Entry/Exit: This is a high energy open sea zone prone to all of the vagaries of changing Bass Strait conditions. A high level of experience and caution is required.

Ideal Conditions: The best conditions at Manderville Road, Summerlands come after several days of still weather and offshore northerly winds. Enter at high tide, whenever it is safe to do so. See WillyWeather (Phelands Bluff) as a guide for the tide times and the height of the tide.

See also, Summerland: Mandeville Road in "Shore Dives of Victoria" by Ian Lewis, 3rd edition page 152.

Bass Strait Warning: Always keep an eye on sea conditions throughout any shore or boat dive in Bass Strait on Victoria's coastline. Please read the warnings on the web page diving-in-bass-strait before diving or snorkelling this site.

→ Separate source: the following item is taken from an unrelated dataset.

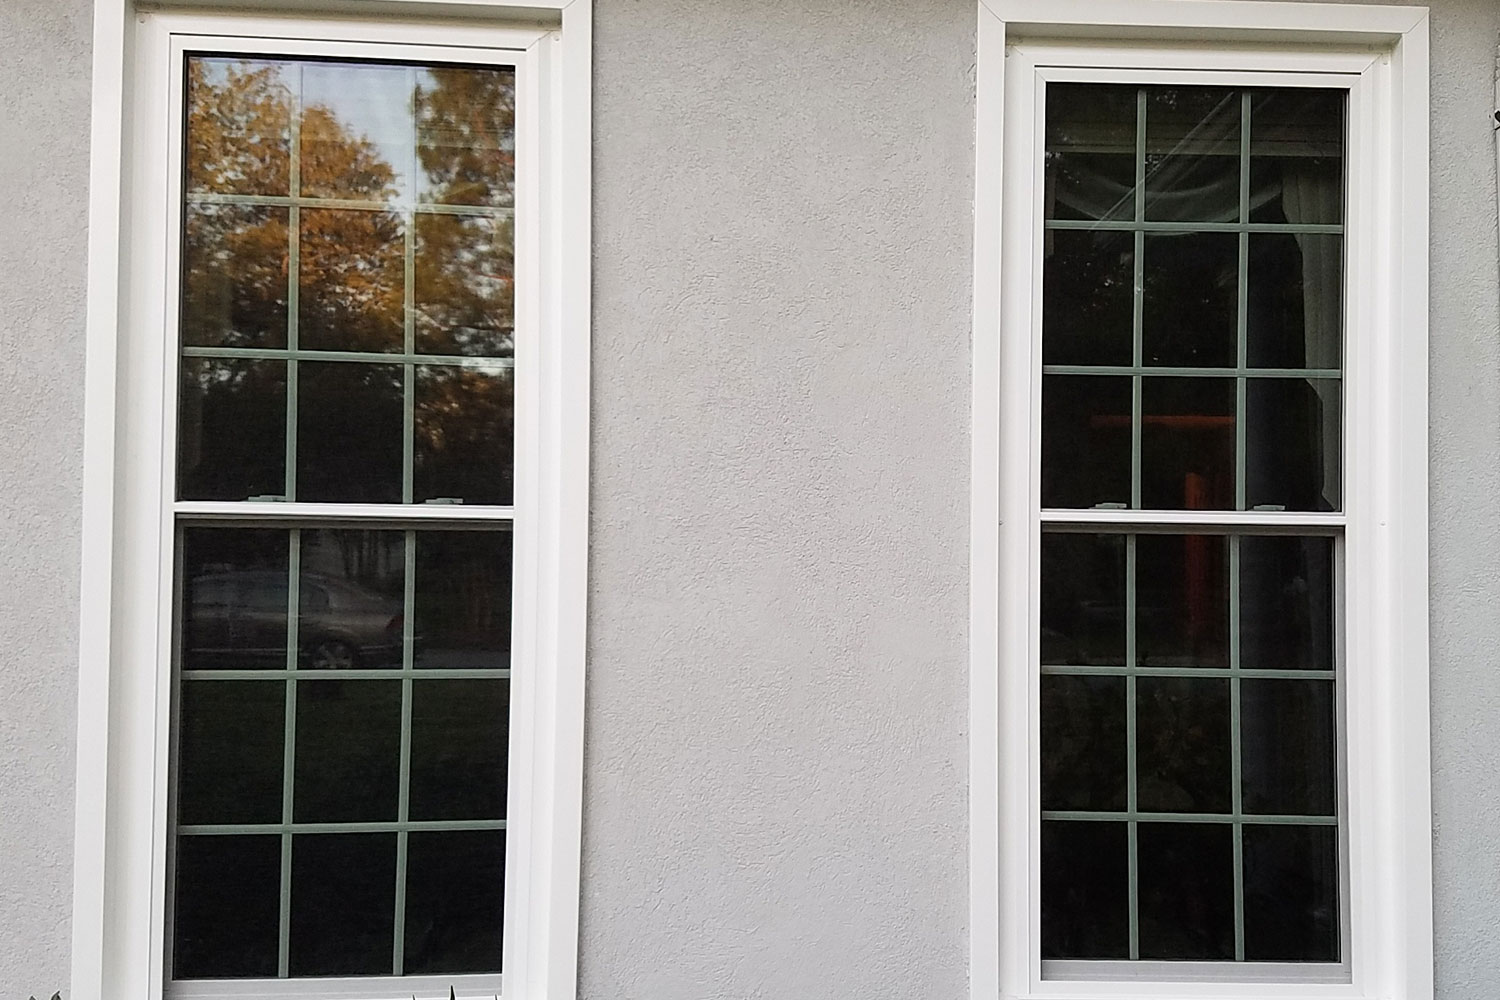 Two white windows

Boon Wurrung / Bunurong country
Boon Wurrung / Bunurong country

Traditional Owners — This dive site is in the traditional Country of the Boon Wurrung / Bunurong people of the Kulin Nation. This truly ancient Country includes parts of Port Phillip, from the Werribee River in the north-west, down to Wilson's Promontory in the south-east, including the Mornington Peninsula, French Island and Phillip Island, plus Western Port. We wish to acknowledge the Boon Wurrung as Traditional Owners. We pay respect to their Ancestors and their Elders, past, present and emerging. We acknowledge Bunjil the Creator Spirit of this beautiful land, who travels as an eagle, and Waarn, who protects the waterways and travels as a crow, and thank them for continuing to watch over this Country today and beyond.


Mandeville Road, Summerlands Location Map

Latitude: 38° 30.958′ S   (38.515971° S / 38° 30′ 57.5″ S)
Longitude: 145° 8.247′ E   (145.137456° E / 145° 8′ 14.84″ E)

Datum: WGS84 | Google Map
Added: 2022-03-11 21:36:25 GMT, Last updated: 2022-03-16 11:38:49 GMT
Source: Google Earth
Nearest Neighbour: Phelan Bluff, 1,076 m, bearing 83°, E
Phillip Island.
Depth: 2 to 12 m.

DISCLAIMER: No claim is made by The Scuba Doctor as to the accuracy of the dive site coordinates listed here. Should anyone decide to use these GPS marks to locate and dive on a site, they do so entirely at their own risk. Always verify against other sources.

The marks come from numerous sources including commercial operators, independent dive clubs, reference works, and active divers. Some are known to be accurate, while others may not be. Some GPS marks may even have come from maps using the AGD66 datum, and thus may need be converted to the WGS84 datum. To distinguish between the possible accuracy of the dive site marks, we've tried to give each mark a source of GPS, Google Earth, or unknown.